A rare pair - Collector's Notes - Gousse Bonnin and George Anthony Morris pickle stands - Brief Article

Magazine Antiques, April, 2002 by Eleanor H. Gustafso

It is not quite like finding the holy grail or the golden fleece, but to ceramics collectors any addition to the tiny surviving output of Bonnin and Morris is a cause for jubilation. Such a find has been imparted to us by Alice Cooney Frelinghuysen, the Anthony Wand Lulu C. Wang Curator of American Decorative Arts at the Metropolitan Museum of Art in New York City who writes:

In a time of outpouring American patriotism, it seems fitting that one of the most exciting discoveries in the ceramics field of the past twenty years should be from a quintessentially patriotic enterprise-the American China Manufactory of Gousse Bonnin (1741?-1780?) and George Anthony Morris (1742 or 1745- 1773), begun in Philadelphia in late 1770. This ambitious undertaking sought to supplant English imports by providing colonists with comparable domestic ware, hut it lasted less than two years, and only a small number of examples of its output are known to survive. Now, not one, but a pair of pickle stands (Pls. I, II) has been added to the collection of Mrs. George M. Kaufman, bringing the number of known Bonnin and Morris pickle stands to six.

Three of the previously identified pickle stands are in public collections, and the fourth is in the collection of the Kaufman Americana Foundation. In form, the dishes are identical: three scallop shells on small conical feet are attached to a central shaft that is encrusted with tiny molded shells and coral and supports a fluted cup. The three in public collections all bear similar underglaze blue painted decoration in the English style of floral bouquets and butterflies (see p. 42, Fl. IV). The fourth is undecorated except for a blue border on the shells and cup (p. 42, Fl. III). What distinguishes the newly discovered pair is that each shell is decorated with a design relating to the patrons who commissioned the stands: the wealthy Philadelphia merchant John Cadwalader and his wife, Elizabeth Lloyd Cadwalader. Painted on one shell are the couple's cipher, the conjoined initials "JEG." Another shell is decorated with a coat of arms showing a shield within a mantel of rococo scrolls and foliage. The arms t hemselves consist of a cross formee pattee fitchee of gold, represented by the dotted field, on the left (or dexter), and a lion rampant on the right (or sinister). In heraldic language, the arms of the two families are joined after a marriage, as demonstrated by the arms of Cadwalader on the left impaling those of the Lloyd family of Maryland on the right.

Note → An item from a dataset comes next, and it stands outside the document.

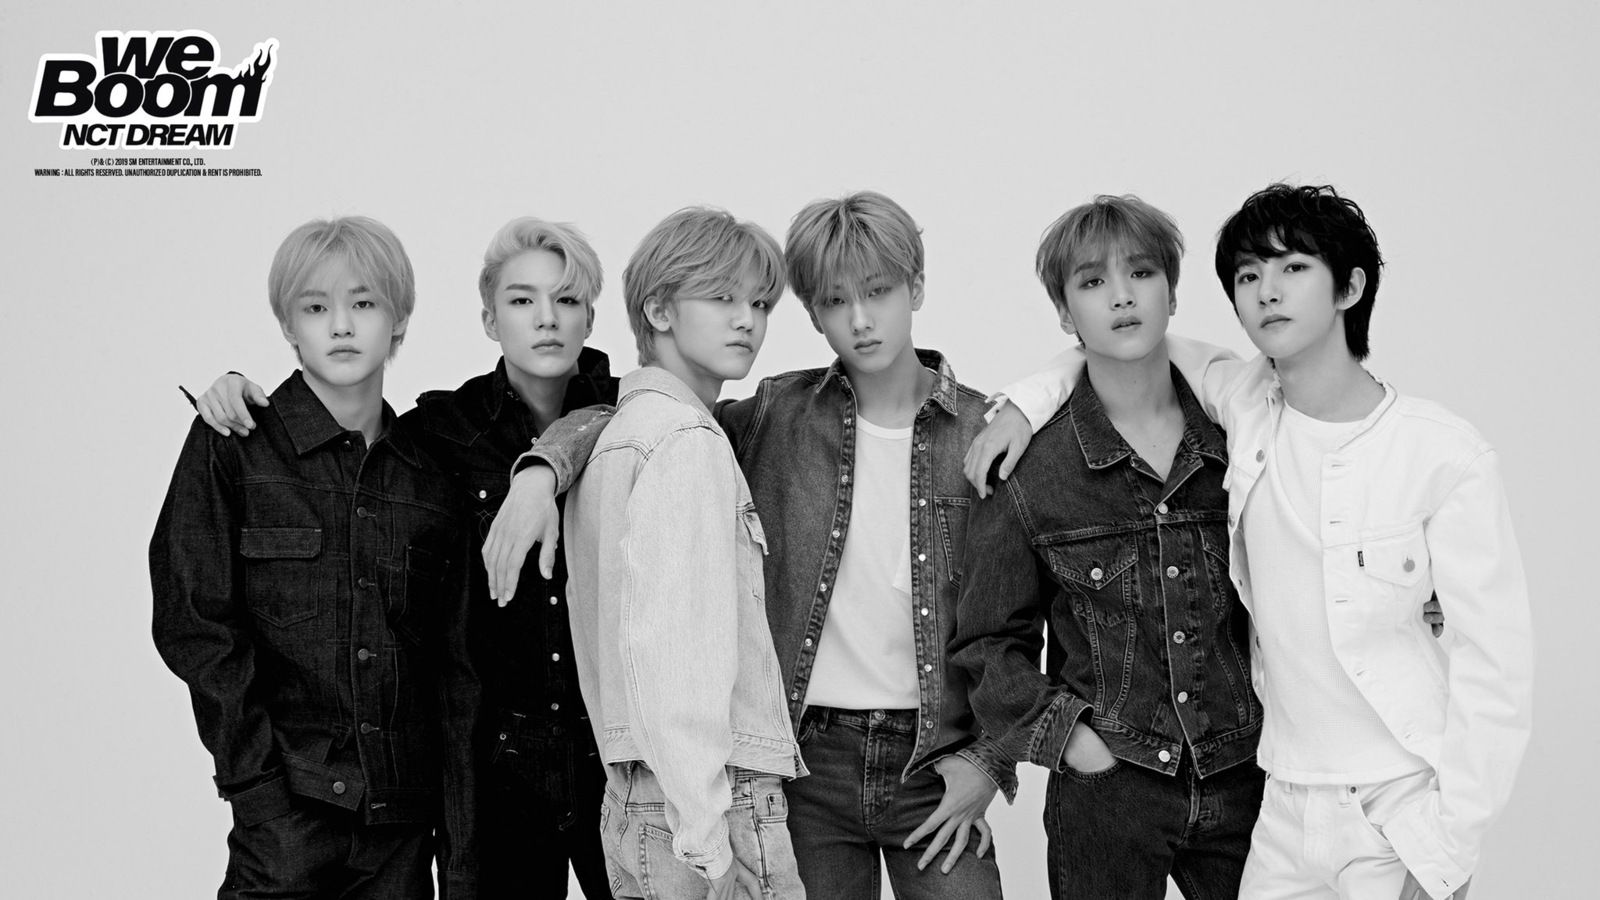 Petition · Turn NCT Dream into a fixed unit · Change.org

The third shell is decorated with the gold cross formee pattee fitchee of the Cadwalader arms. (1)

These elaborate stands correspond to a bill in the Cadwalader papers in the Historical Society of Pennsylvania, which lists "two pickle stands" for fifteen shillings apiece among the porcelains Cadwalader ordered from Bonnin and Morris in 1770. (2) The date of the porcelain order coincides with the period in which the Cadwaladers, who married in 1768, were furnishing their grand Philadelphia town house, commissioning the finest Philadelphia craftsmen to supply decorations, silver, and furniture. (3) That John Cadwalader would also support the earnest efforts of Philadelphia's brand-new porcelain factory was consistent with his political views. He had signed the Non-Importation Agreement of 1765, and his patronage of the fledgling enterprise to make porcelain on American soil is further testament to his protest against the Stamp Act.

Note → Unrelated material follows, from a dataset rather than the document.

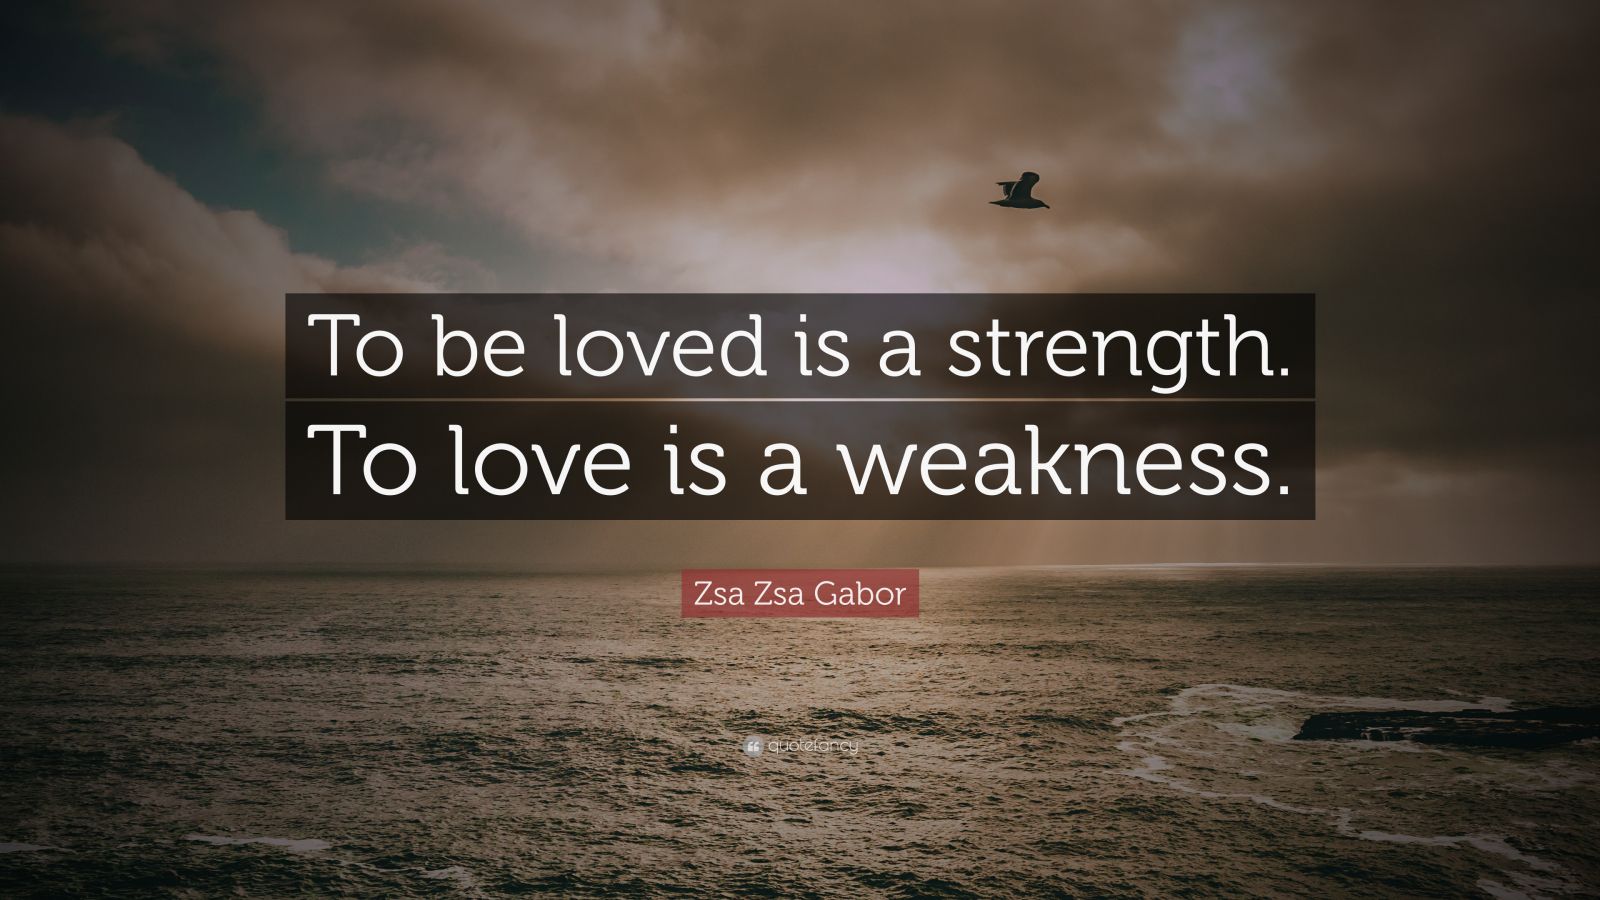 is love a weakness or strength

These pickle stands are the only special order examples known from the Bonnin and Morris factory and provide us with an unexpected new window on this significant enterprise. When Graham Hood published his seminal study of Bonnin and Morris in 1972, only eleven intact examples of its production had been identified. In the past three decades that number has increased to eighteen. This discovery may provide the impetus for further study, and an effort to bring together in a future exhibition and publication all of the Bonnin and Morris examples now known.

(1.) I am especially grateful to Alexandra Alevizatos Kirtley, an assistant curator of American decorative arts at the Philadelphia Museum of Art, for her identification and explication of the coat of arms. See Eugene Zieber, Hearldry in America (1909; reprint Greenwich House, New York, 1984), p. 82, Fig. 251, which pictures a selection of arms of families who lived in or near Philadelphia, including those of Cadwalader, whose coat of arms is described as "Azure, a cross formee fitchee or." See also Charles Knowles Bolton, Bolton's American Armory: A Record of Coats of Anns which Have Been in Use within the Present Bounds of the United States (F. W. Faxon Company Boston, 1927), p. 103, which describes the Lloyd of Maryland arms as "As a lion ramp or." Kirtley's research on the Cadwalader and Lloyd cipher and arms has led her to an identical cipher on a silver tankard by Philip Syng Jr. with a Cadwalader history, in the Philadelphia Museum. She and Luke Beckerdite will publish a more extensive study of this pa ir of pickle stands in a forthcoming issue of the Chipstone Foundation's Ceramics in America.